The current environment around 97L remains rather favorable, with anticyclonic wind flow aloft, and a deep moisture field from the surface to 700mb. The main impediment to development remains the system’s elongated structure, being exacerbated now by interaction with another low pressure system to the ESE that is closing distance with 97L. As the system moves westward, development, if any, is expected to be slow, as the system will take time to consolidate, and the central Caribbean trade winds tend to cause low-level divergence and hostile conditions for tropical waves. Potential interaction with Hispaniola and Cuba may also hamper development. However, if 97L can consolidate over open water north or south of the big islands, the environment will become mostly favorable for development of a tropical cyclone late this week and possibly into next week once the system gets farther west and north. With a disturbance this large, we are in a bit of a wait and see game to see if it consolidates, and if so, where and when.

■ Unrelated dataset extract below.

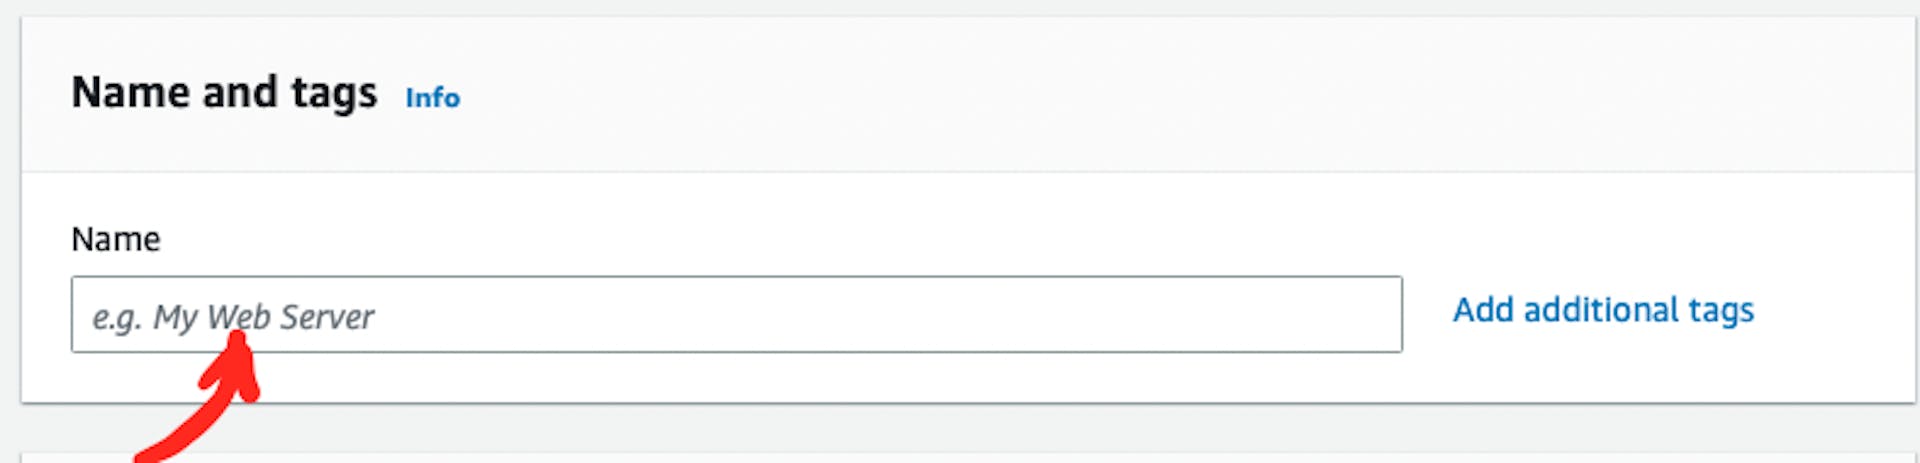 A captura de tela da página da AWS com o ponteiro para a caixa de entrada "Nome" na seção "Nome e tags"
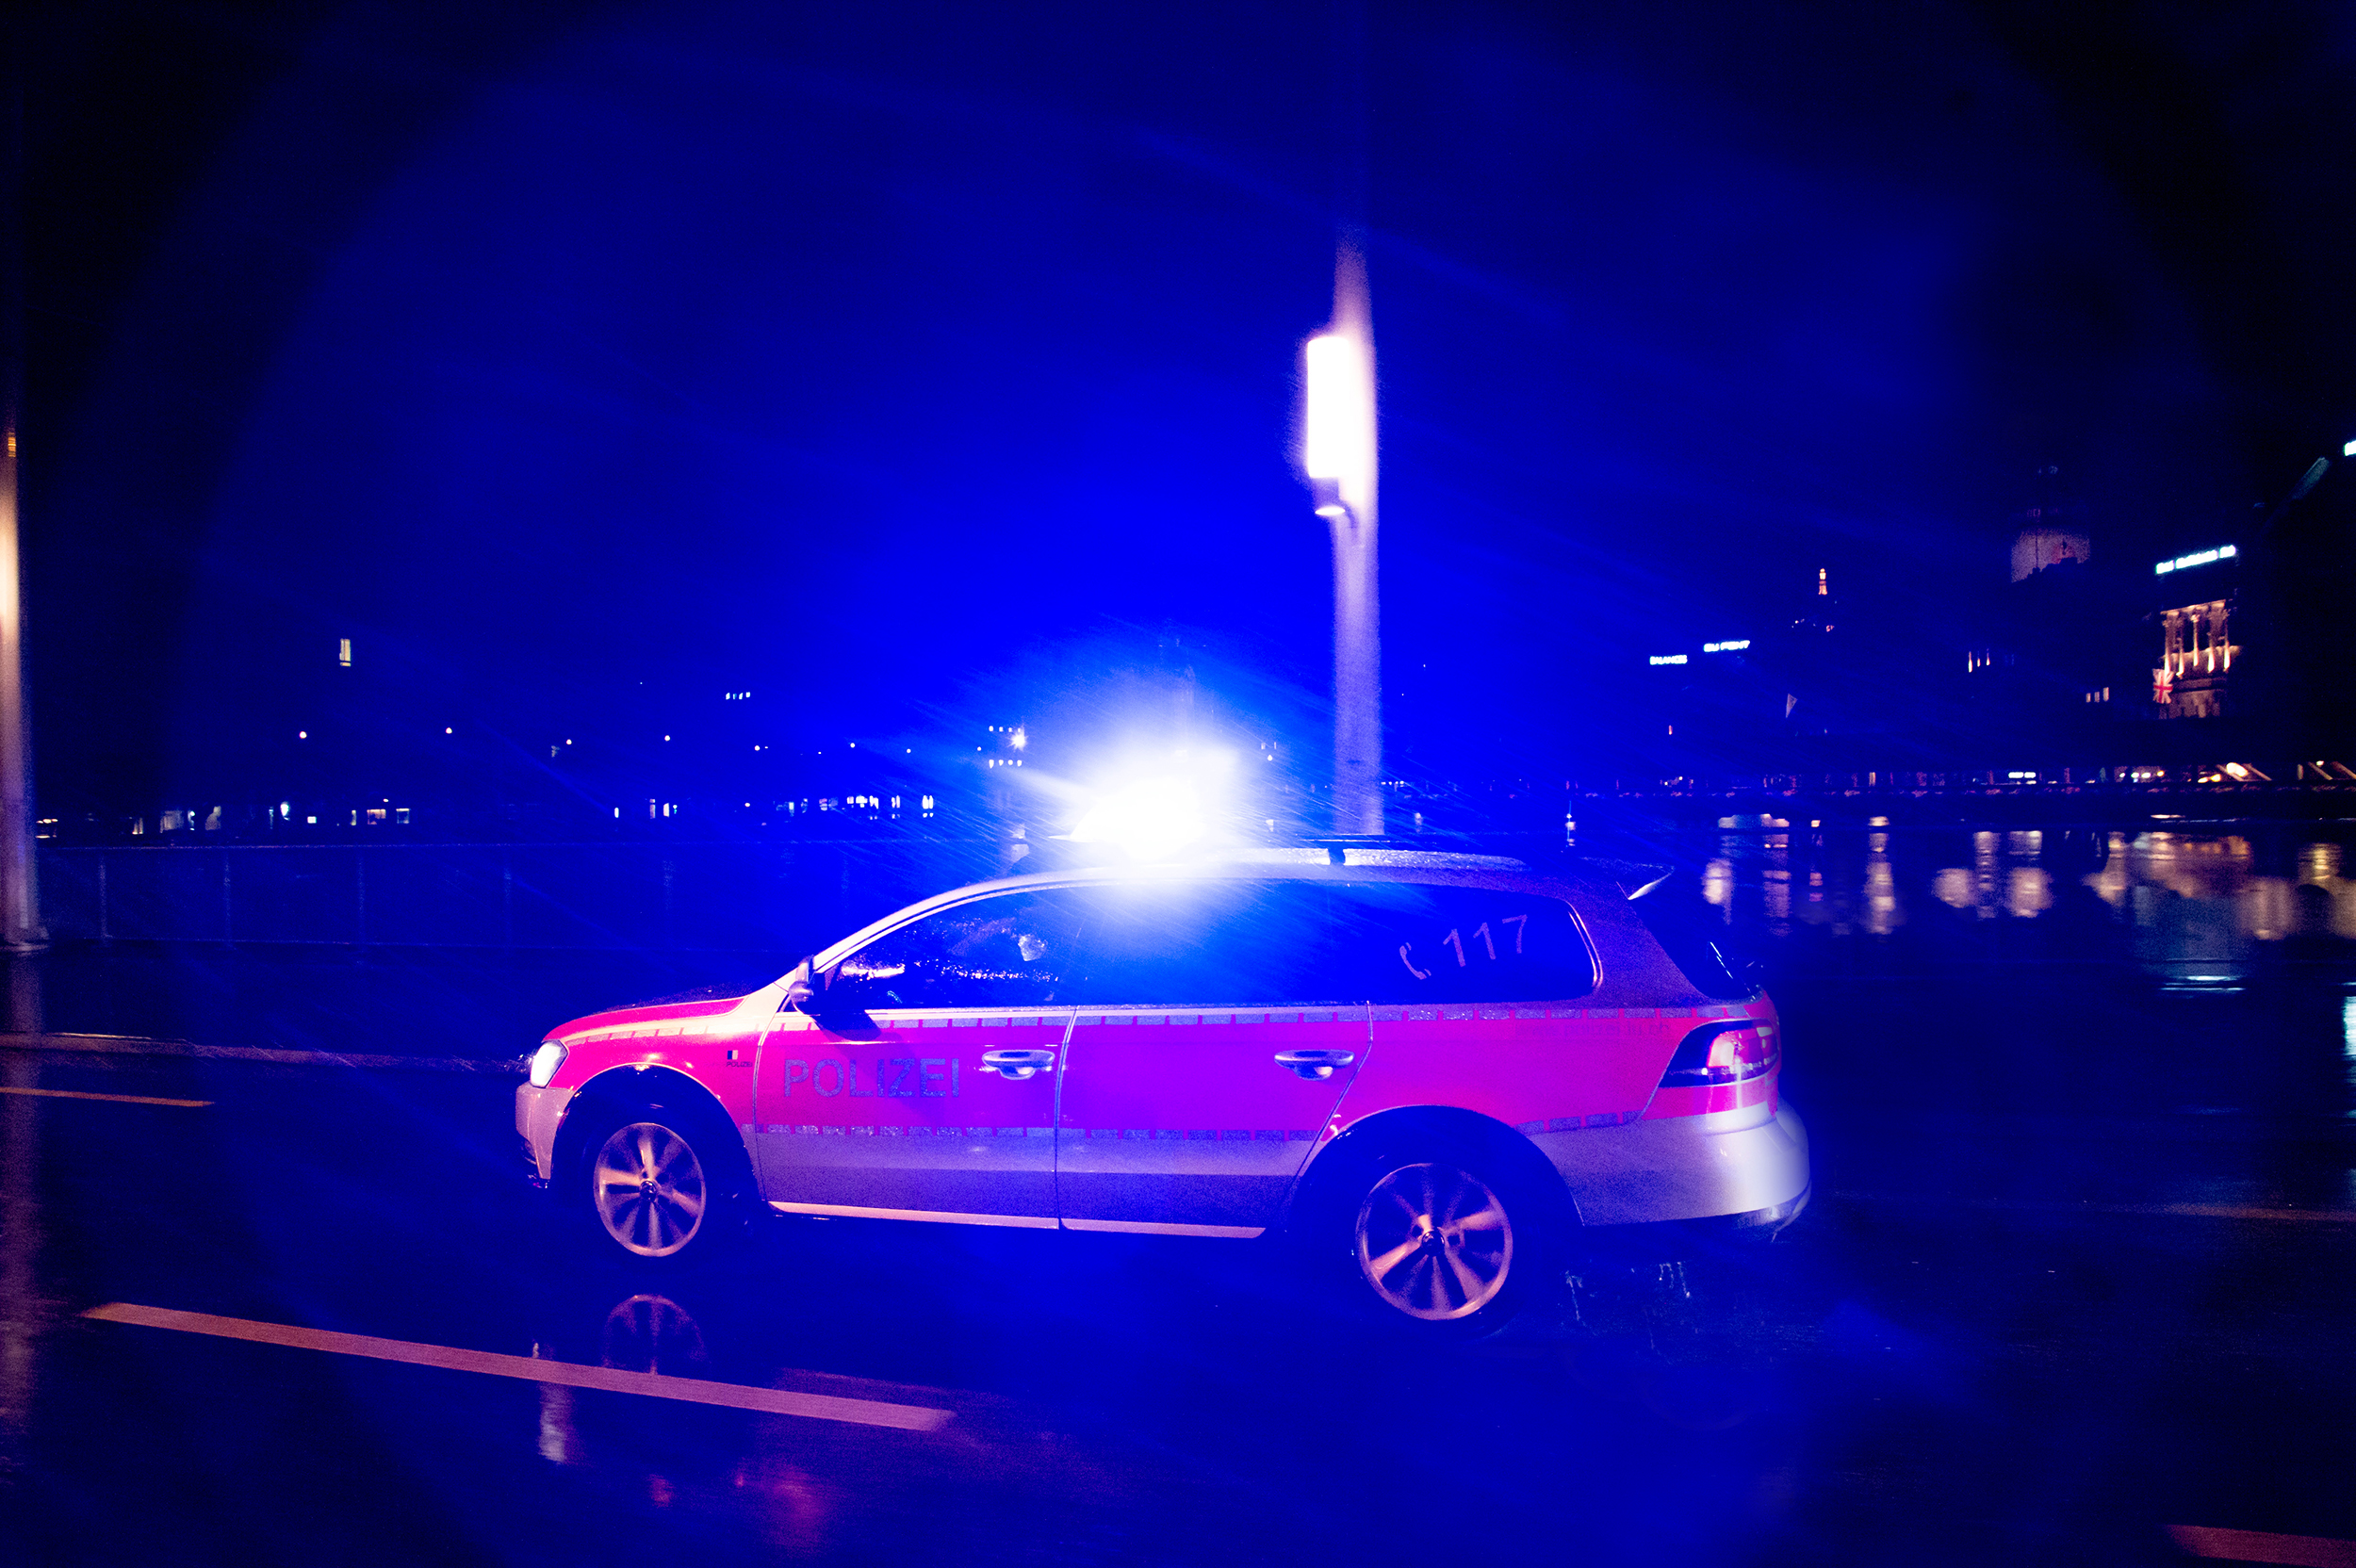 GC-Anhänge beschmieren Einsatzfahrzeug der Luzerner Polizei

Elsewhere, a tropical wave moving across central America into the western Gulf of Mexico will be monitored for potential development in an unstable atmosphere. For now, no computer models show significant development. A tropical wave is forecasted by most of the global models to develop off of Africa in about a week from now. This will be discussed more once the timetable gets closer.


10 comments

   

Comments

  • stefanie says:

    Thanks Levi. 🙂

  • Kim says:

    Thanks Levi!!

  • Brandon says:

    Thanks Levi

  • Mike says:

    Great Video Levi!

    Do you think that there is any chance that with a system that has provided this much uncertainty thus far, if it does develop, could be any threat to the gulf coast, or the US coast at all? It seems that the general consensus seems to be that in a few days it will curve to a more northerly direction, but i know that with systems that have yet to develop it can be tricky to predict, especially when there is no aircraft data on it yet.

    • Levi says:

      It is definitely within the realm of possibility that the US could see weather from this system down the road, but that is a long way away.

  • jrrp says:

    nice video

  • Matt says:

    Love these updates! you should do one every day!

  • CapeFearCaner says:

    Thanks Levi, it will be interesting to see if it can find a way to make it across the high mountainous terrain of Hispaniola without being shredded to pieces. If it can, I think it has a shot at developing into something of significance.

  • rod bertelsen says:

    Best to you. Been tuned into your analyses for years. Thoughtful, well presented; sometime wrong in hindsight; sometimes brilliant. Getting a slow moving system like 97L into a good prediction is one of the most challenging a met could ever have. again – best to you.